* **WHAT YOU ARE ASKED TO DO**: Give the line with "Aztec Blood Tee" again, along with every line below it to the end of the records, word for word.

* **INPUT MATERIAL**:
━━━━━━━━

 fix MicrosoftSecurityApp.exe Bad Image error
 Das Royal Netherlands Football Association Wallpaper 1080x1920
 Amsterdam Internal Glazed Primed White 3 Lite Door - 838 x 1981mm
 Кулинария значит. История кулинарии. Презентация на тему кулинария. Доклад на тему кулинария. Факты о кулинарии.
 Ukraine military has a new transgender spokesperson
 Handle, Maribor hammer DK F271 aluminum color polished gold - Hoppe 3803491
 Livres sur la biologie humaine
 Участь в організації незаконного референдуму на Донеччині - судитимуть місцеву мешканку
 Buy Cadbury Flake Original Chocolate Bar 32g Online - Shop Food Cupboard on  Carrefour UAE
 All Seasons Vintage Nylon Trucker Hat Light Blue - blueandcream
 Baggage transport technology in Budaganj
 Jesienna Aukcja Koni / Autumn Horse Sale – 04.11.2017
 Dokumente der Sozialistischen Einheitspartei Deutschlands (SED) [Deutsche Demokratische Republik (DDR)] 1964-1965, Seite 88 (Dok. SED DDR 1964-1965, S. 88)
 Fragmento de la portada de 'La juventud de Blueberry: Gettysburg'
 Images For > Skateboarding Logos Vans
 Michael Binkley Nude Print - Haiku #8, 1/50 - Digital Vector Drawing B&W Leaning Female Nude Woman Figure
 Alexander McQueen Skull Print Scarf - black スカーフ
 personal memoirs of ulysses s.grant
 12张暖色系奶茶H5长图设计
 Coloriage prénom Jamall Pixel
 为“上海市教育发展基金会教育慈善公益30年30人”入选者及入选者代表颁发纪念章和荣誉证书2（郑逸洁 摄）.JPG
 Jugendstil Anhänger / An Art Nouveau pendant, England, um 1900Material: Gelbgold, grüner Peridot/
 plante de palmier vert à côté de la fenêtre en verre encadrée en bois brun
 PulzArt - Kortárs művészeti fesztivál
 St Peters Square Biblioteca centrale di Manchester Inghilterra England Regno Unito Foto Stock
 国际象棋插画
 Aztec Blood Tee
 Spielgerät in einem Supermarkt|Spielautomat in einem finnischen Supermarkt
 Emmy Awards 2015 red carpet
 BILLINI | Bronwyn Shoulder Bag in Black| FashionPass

━━━━━━━━

* **WRITTEN RESPONSE**:
 Aztec Blood Tee
 Spielgerät in einem Supermarkt|Spielautomat in einem finnischen Supermarkt
 Emmy Awards 2015 red carpet
 BILLINI | Bronwyn Shoulder Bag in Black| FashionPass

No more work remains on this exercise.